Life-threatening ("SILENT CHEST"):

No wheeze (no air movement)
Bradycardia, confusion, cyanosis — impending respiratory arrest

GINA Severity Classification

Class	Daytime Symptoms	Nighttime	FEV1%
Intermittent	≤2/week	≤2/month	≥80%
Mild persistent	>2/week, not daily	>2/month	≥80%
Moderate persistent	Daily	>1/week	60–79%
Severe persistent	Continuous	Frequent	<60%

Investigations

Spirometry: ↓FEV1, ↓FEV1/FVC; reversibility ≥12% + ≥200 mL after SABA confirms asthma
Peak expiratory flow (PEF): diurnal variation >20% (measured morning + evening × 2 weeks)
Bronchial challenge test: methacholine provocation — confirms hyperresponsiveness in normal spirometry
CXR: usually normal; hyperinflation in acute severe attack; rules out pneumothorax
ABG (severe attack): early = respiratory alkalosis (hyperventilation); late = respiratory acidosis (fatigue)
Blood/sputum eosinophils, serum IgE, skin prick testing, specific IgE RAST
FeNO (fractional exhaled NO): marker of eosinophilic inflammation (≥25 ppb positive)

Management

A. Non-pharmacological

Identify and AVOID triggers (allergens, smoking, occupational exposures)
Annual influenza vaccine; pneumococcal vaccine
Allergen immunotherapy (selected allergic patients)
Written asthma action plan
Patient education

B. Stepwise Pharmacological Therapy (GINA 2023)
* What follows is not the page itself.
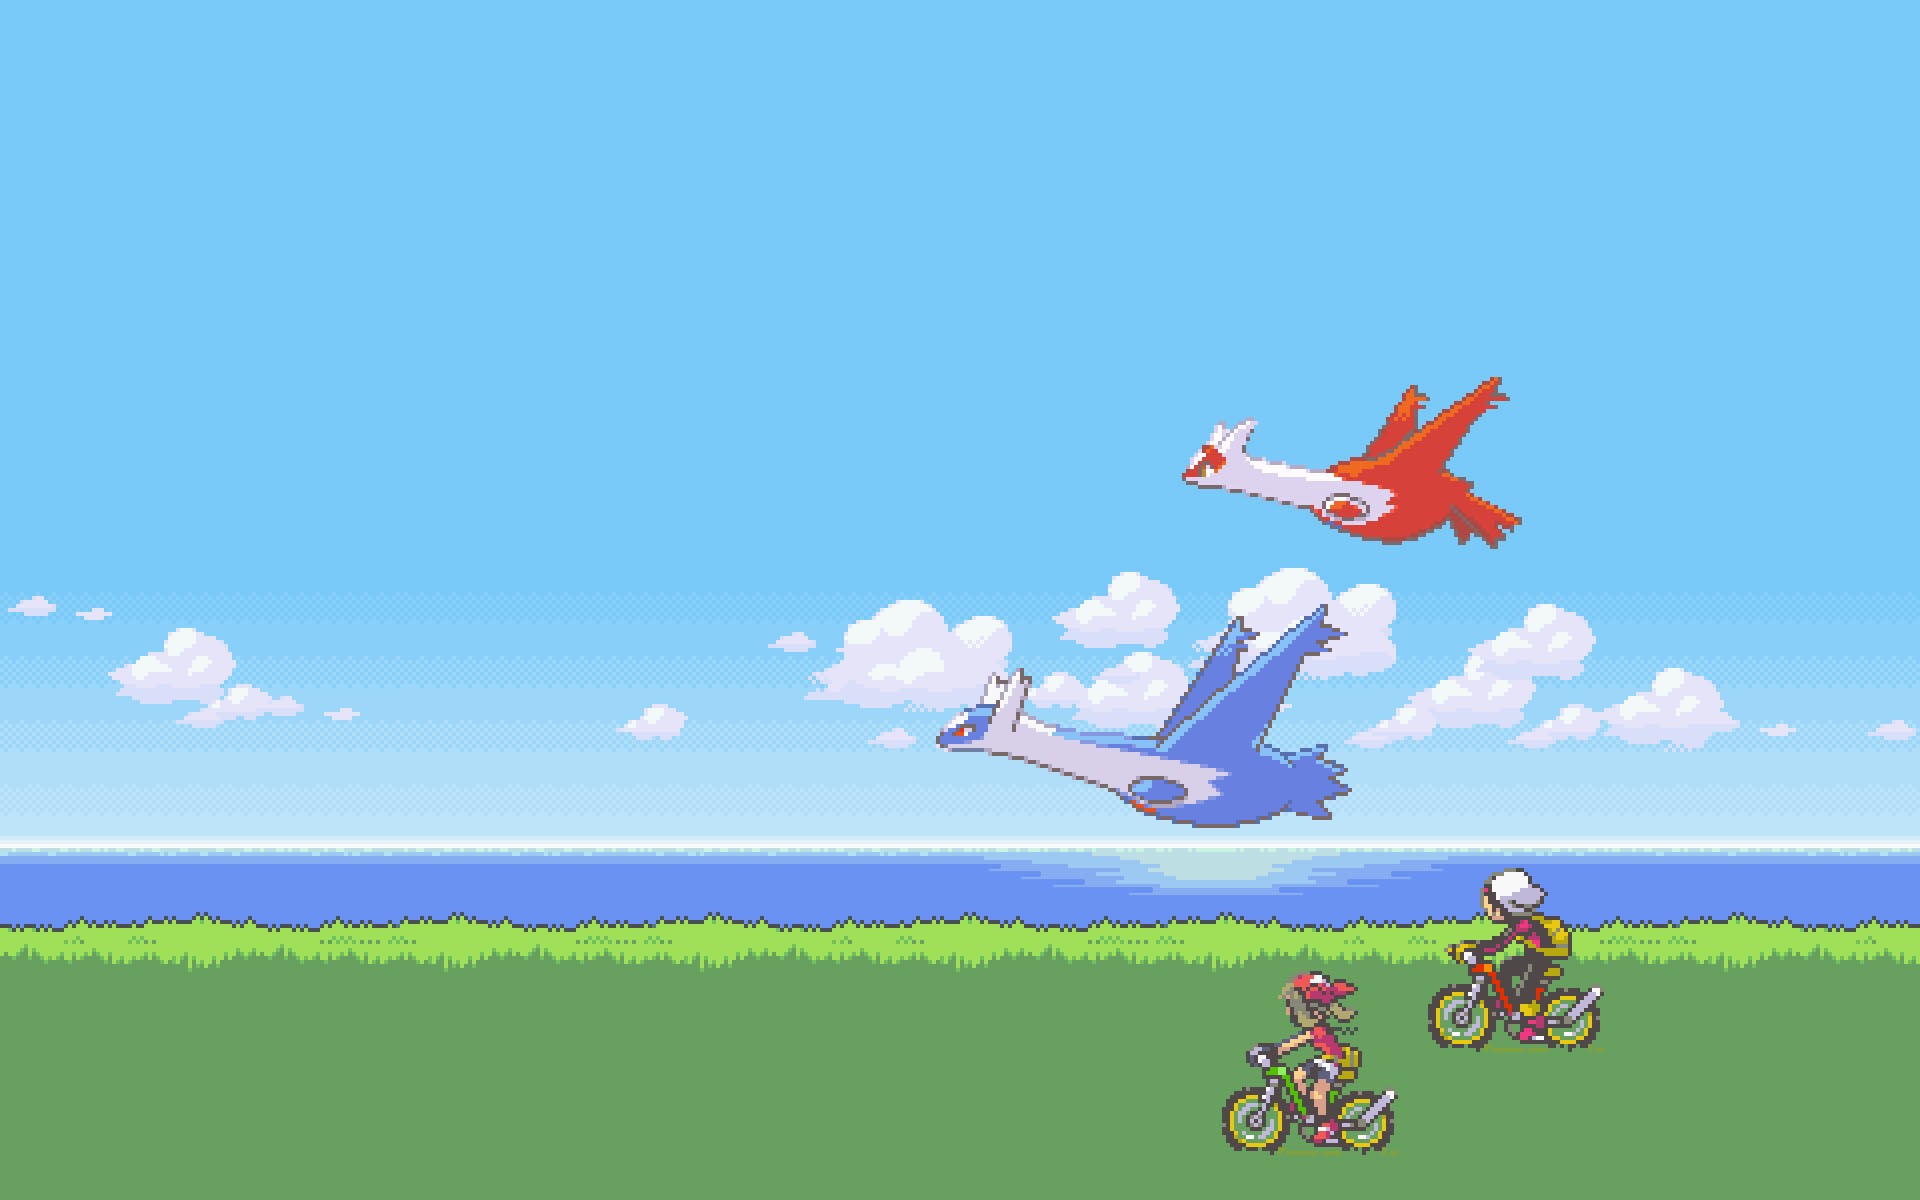 Anime 1920x1200 pixels video games Pokémon Latias Latios May (pokemon) sky clouds bicycle grass hat pixel art

RELIEVER (all steps): SABA — Salbutamol PRN

Step	Controller Therapy
1 (Intermittent)	Low-dose ICS-formoterol PRN
2 (Mild persistent)	Low-dose ICS daily
3 (Moderate)	Low-dose ICS + LABA
4 (Severe)	Medium/high ICS + LABA
5 (Refractory)	Add biologic ± low-dose OCS

Drug classes:

SABA (Salbutamol): immediate bronchodilation — rescue inhaler
ICS (Budesonide, Beclomethasone): anti-inflammatory — cornerstone
LABA (Salmeterol, Formoterol): long-acting bronchodilation — NEVER without ICS
LTRA (Montelukast): anti-leukotriene — especially aspirin-sensitive asthma
LAMA (Tiotropium): add-on for severe uncontrolled asthma at Step 4–5
Theophylline: bronchodilator + weak anti-inflammatory; narrow therapeutic window
Anti-IgE (Omalizumab): severe allergic asthma (IgE 30–700 IU/mL + sensitized)
Anti-IL-5 (Mepolizumab, Reslizumab): severe eosinophilic asthma (blood eosinophils ≥300)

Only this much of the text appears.